◆ WHAT YOU SHOULD DO: Please retype the data below line for line and leave out every picture.

◆ INFORMATION SHOWN:

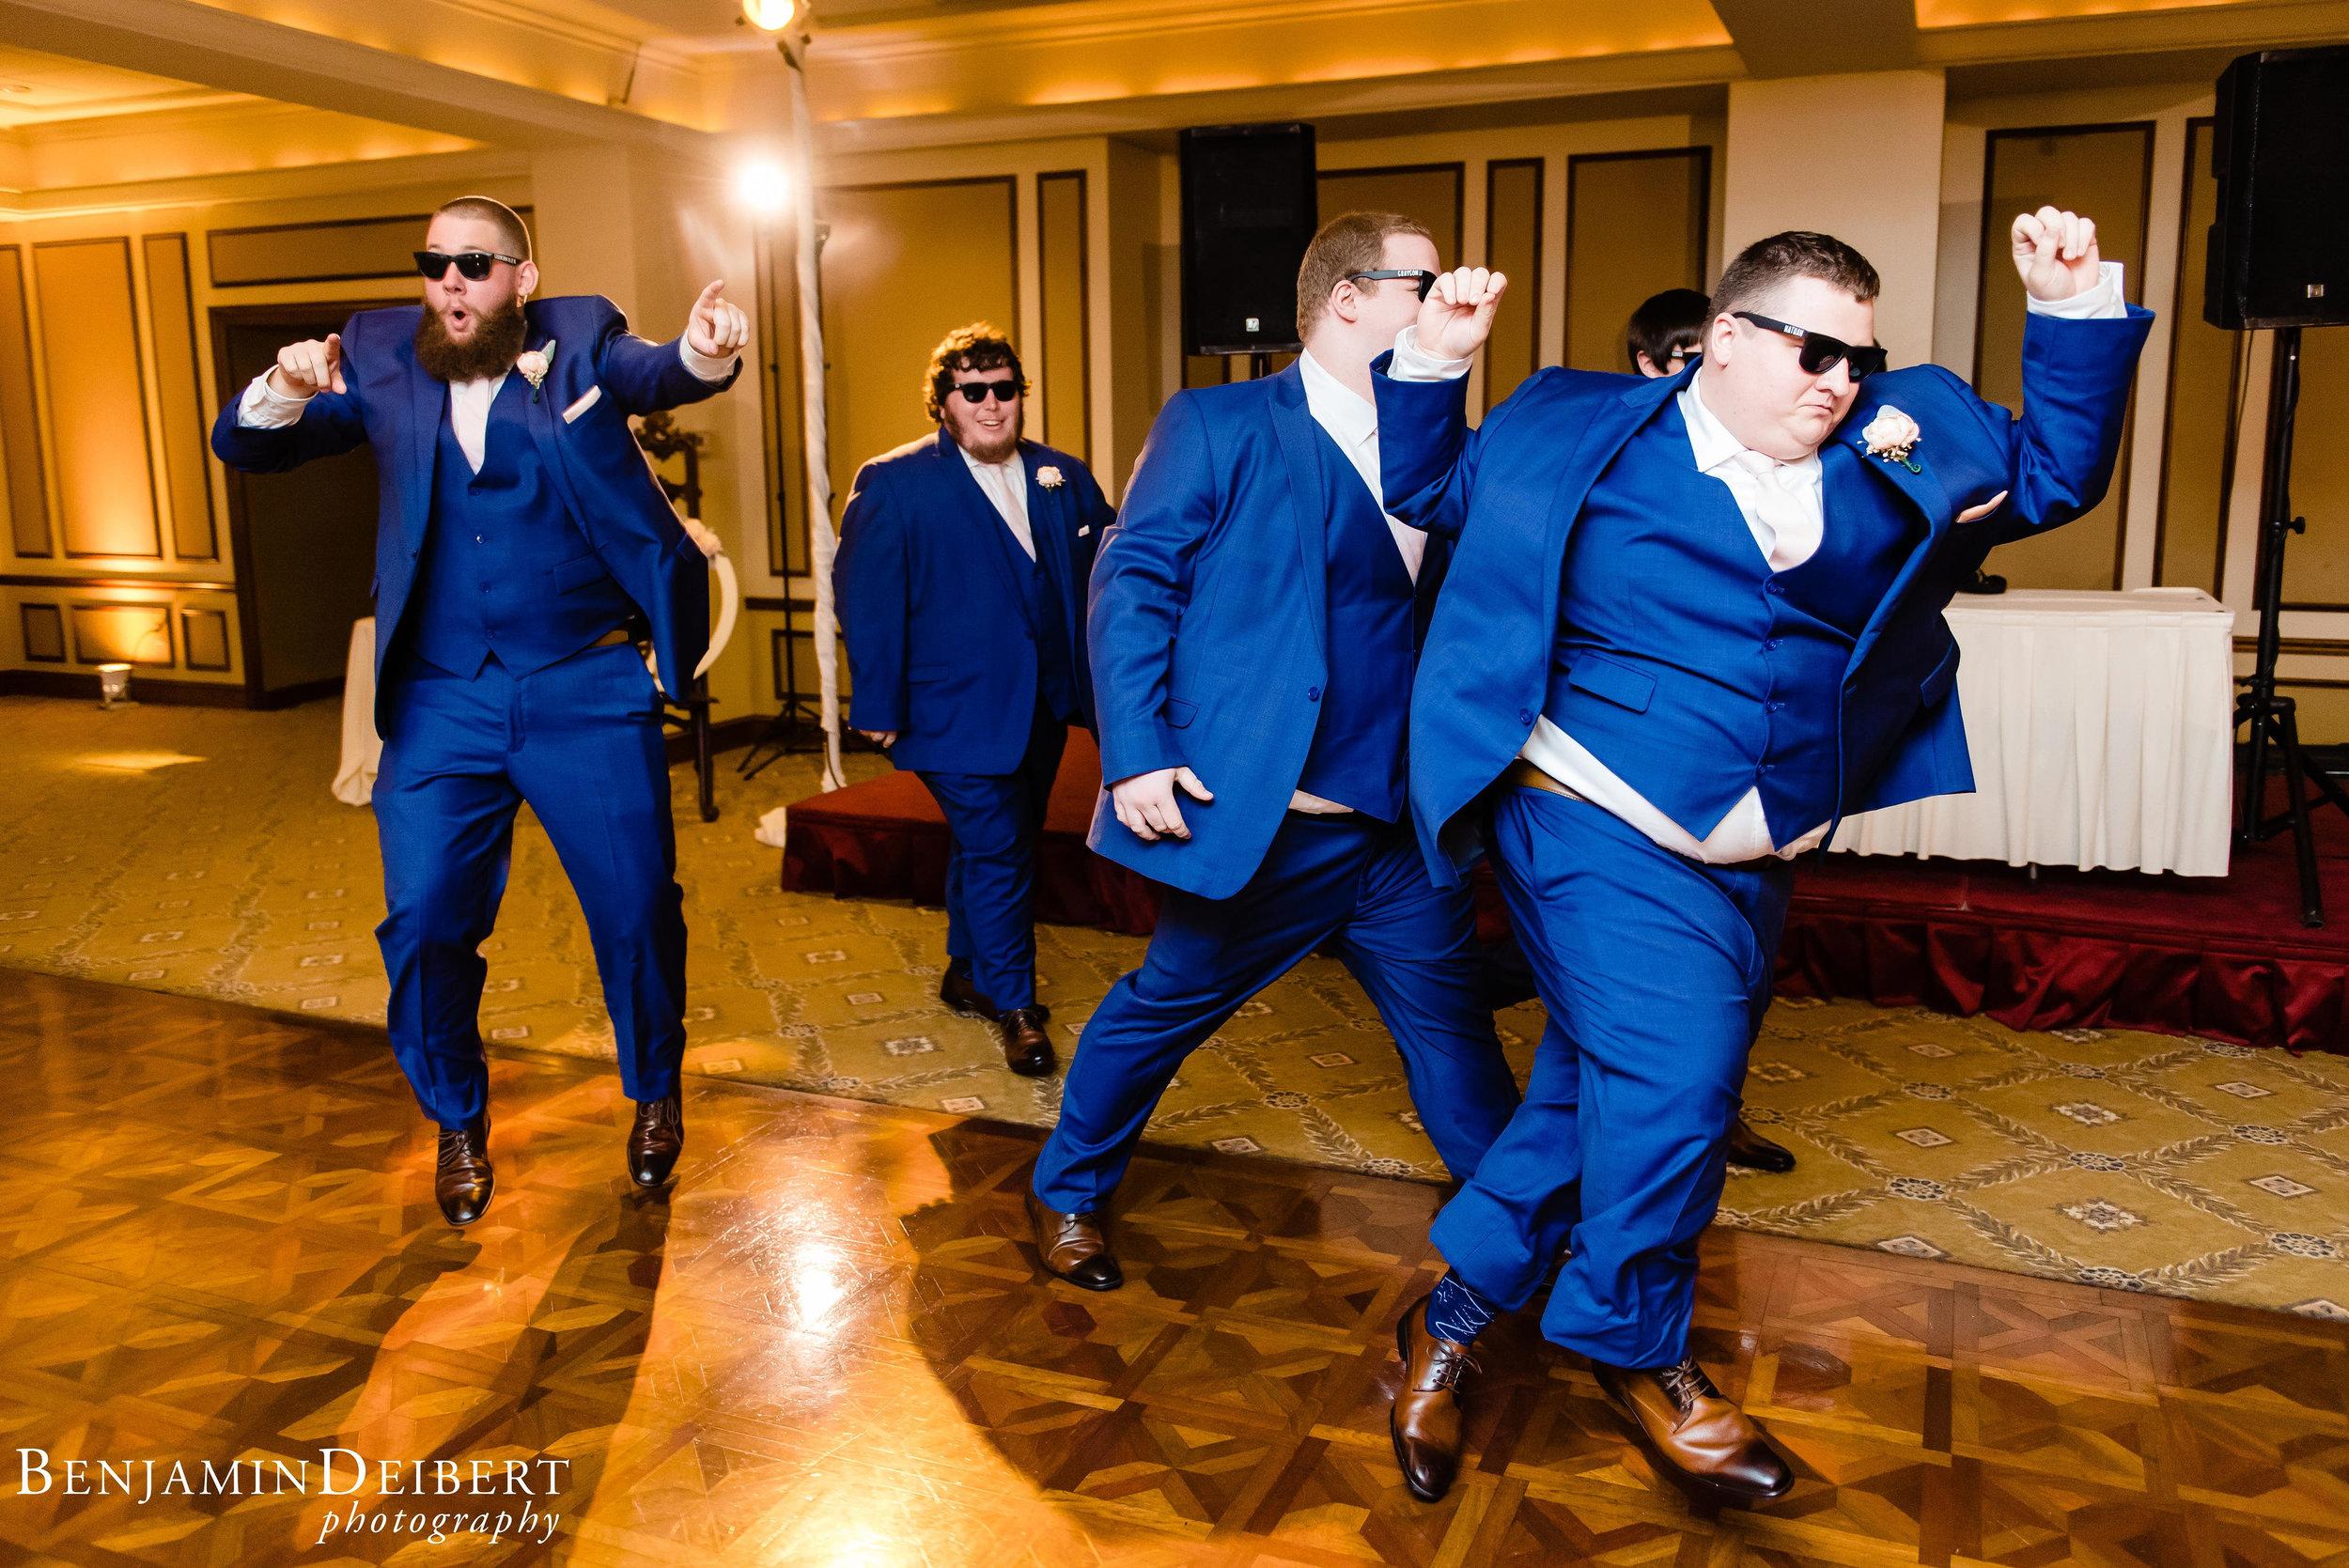 AshleyandDerrick_RadnorValleyCountryClub_Wedding-53.jpg
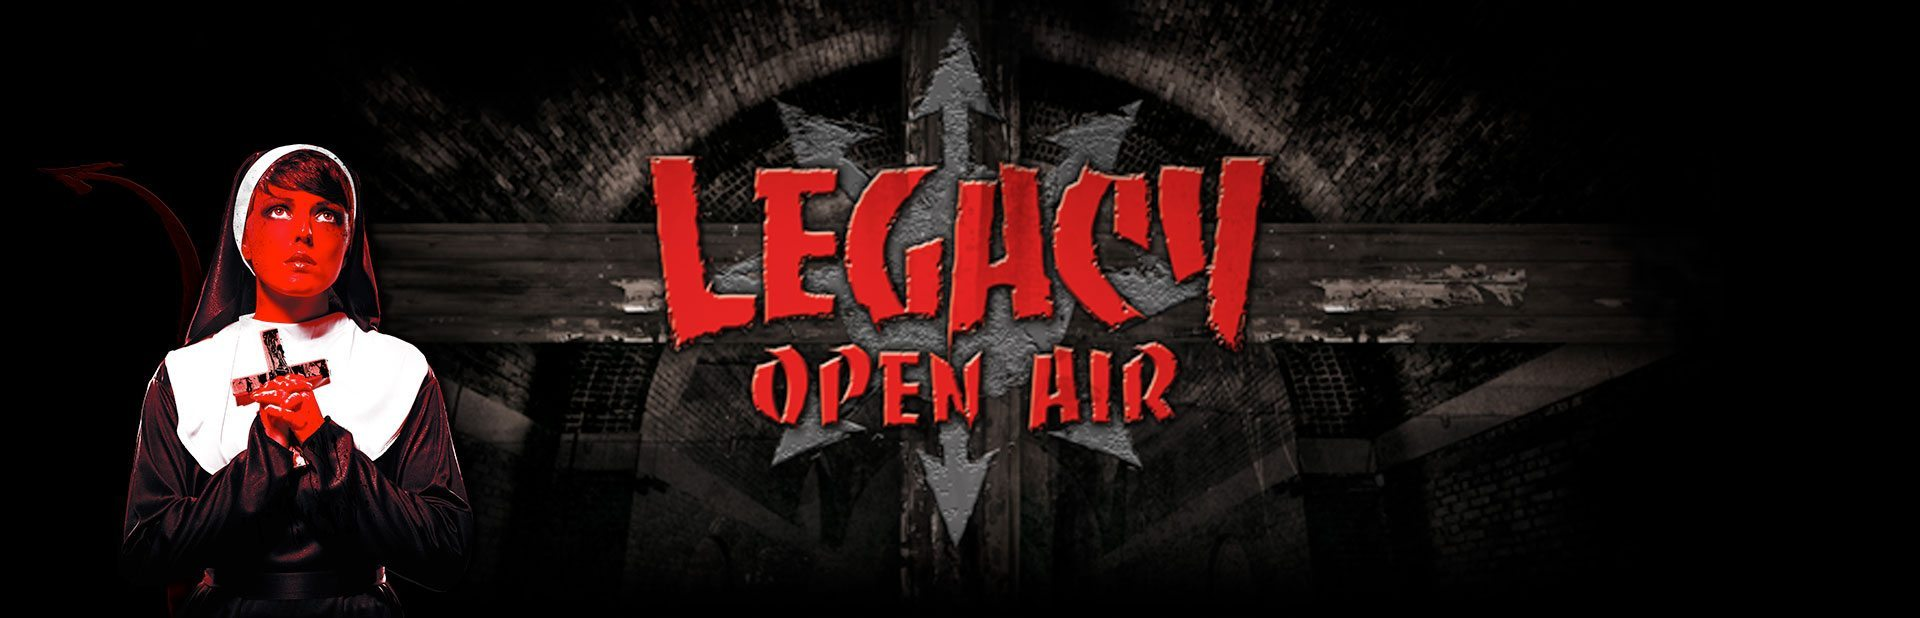 Geburtstag beim Legacy 2014
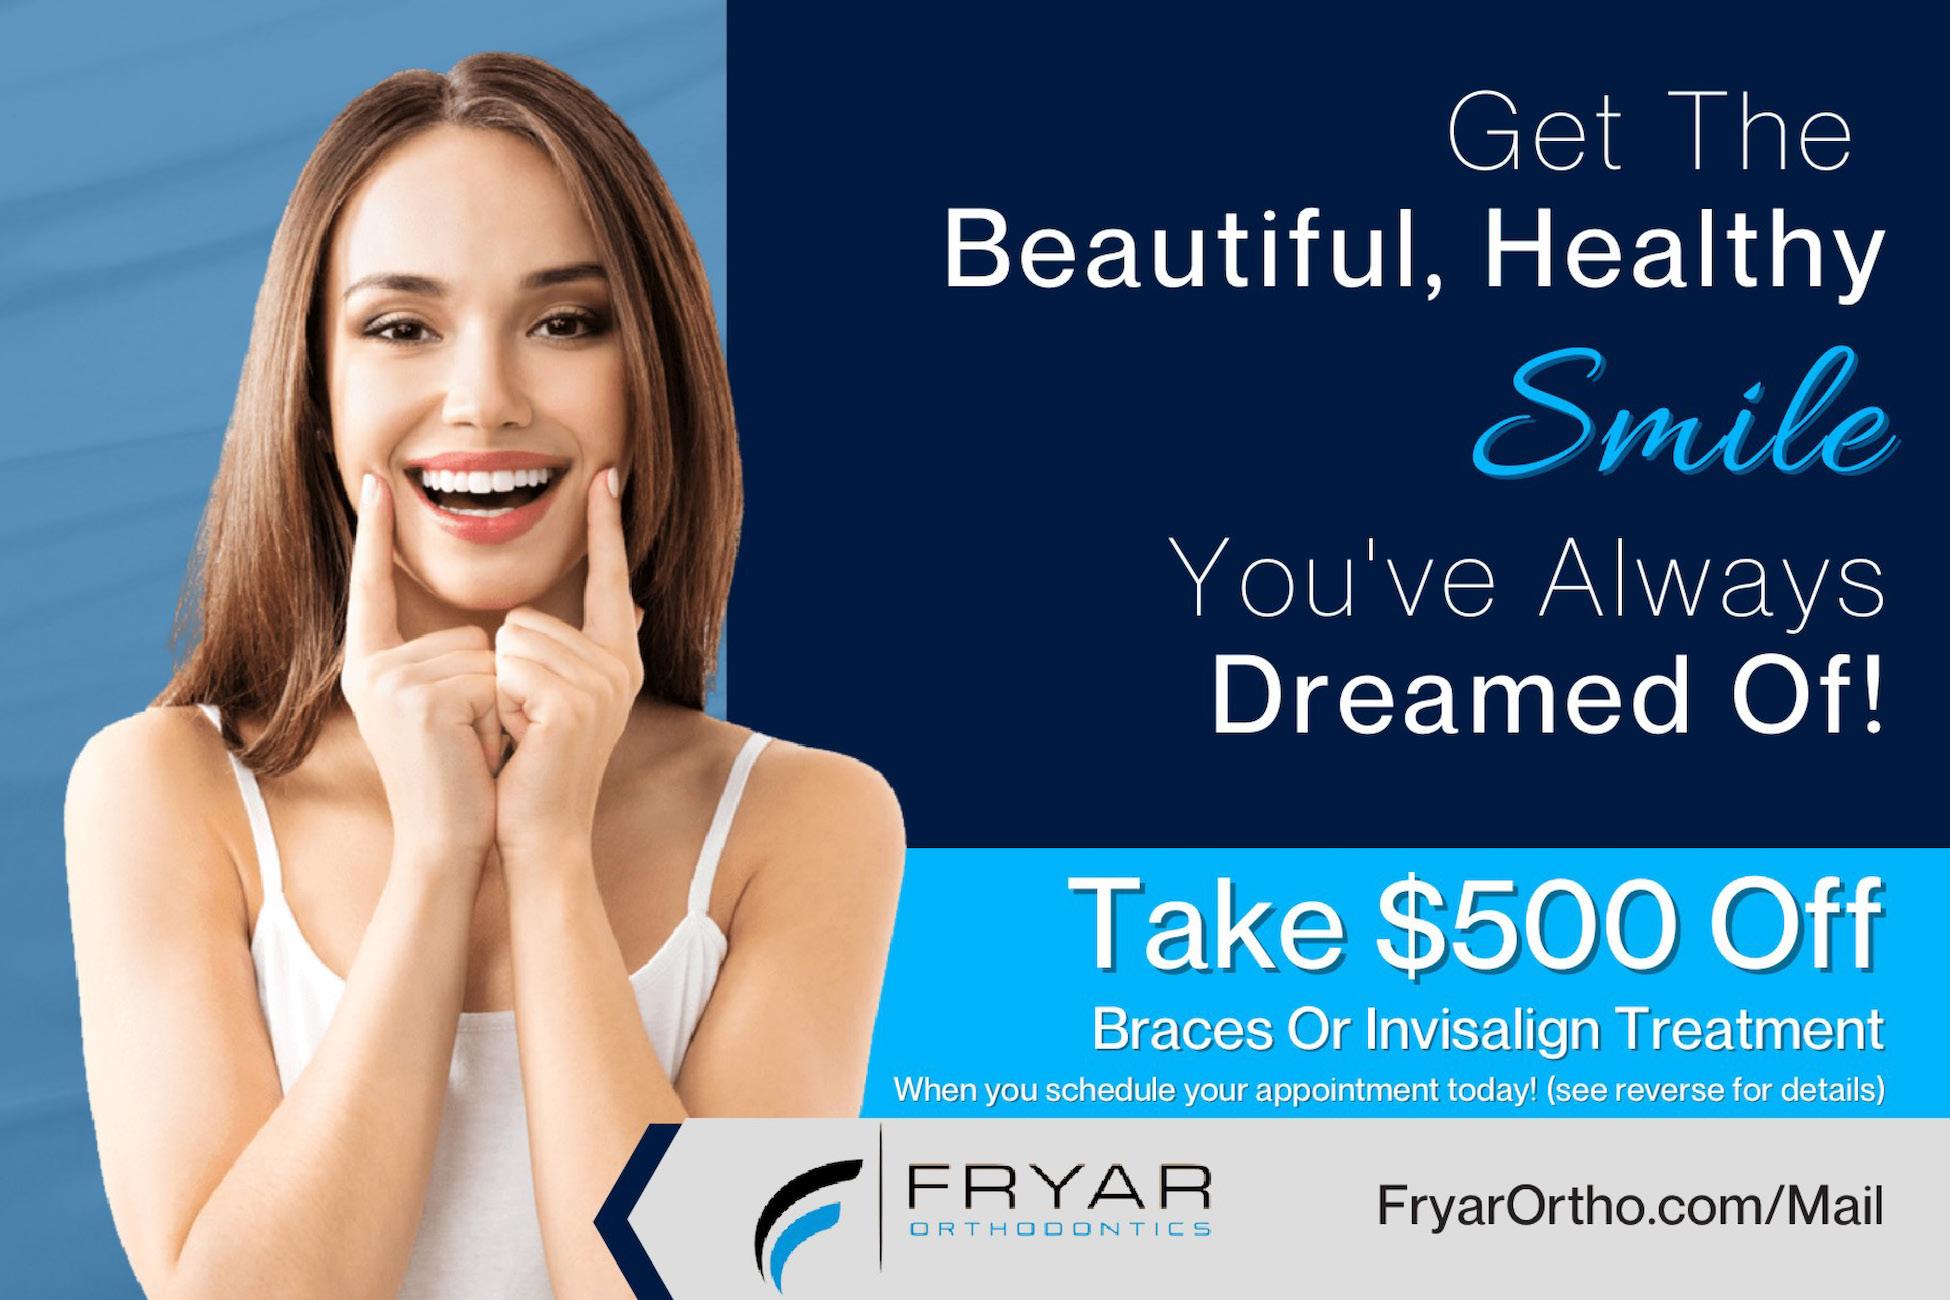 fryar orthodontics 500 off

◆ FINAL ANSWER:
 AshleyandDerrick_RadnorValleyCountryClub_Wedding-53.jpg
 Geburtstag beim Legacy 2014
 fryar orthodontics 500 off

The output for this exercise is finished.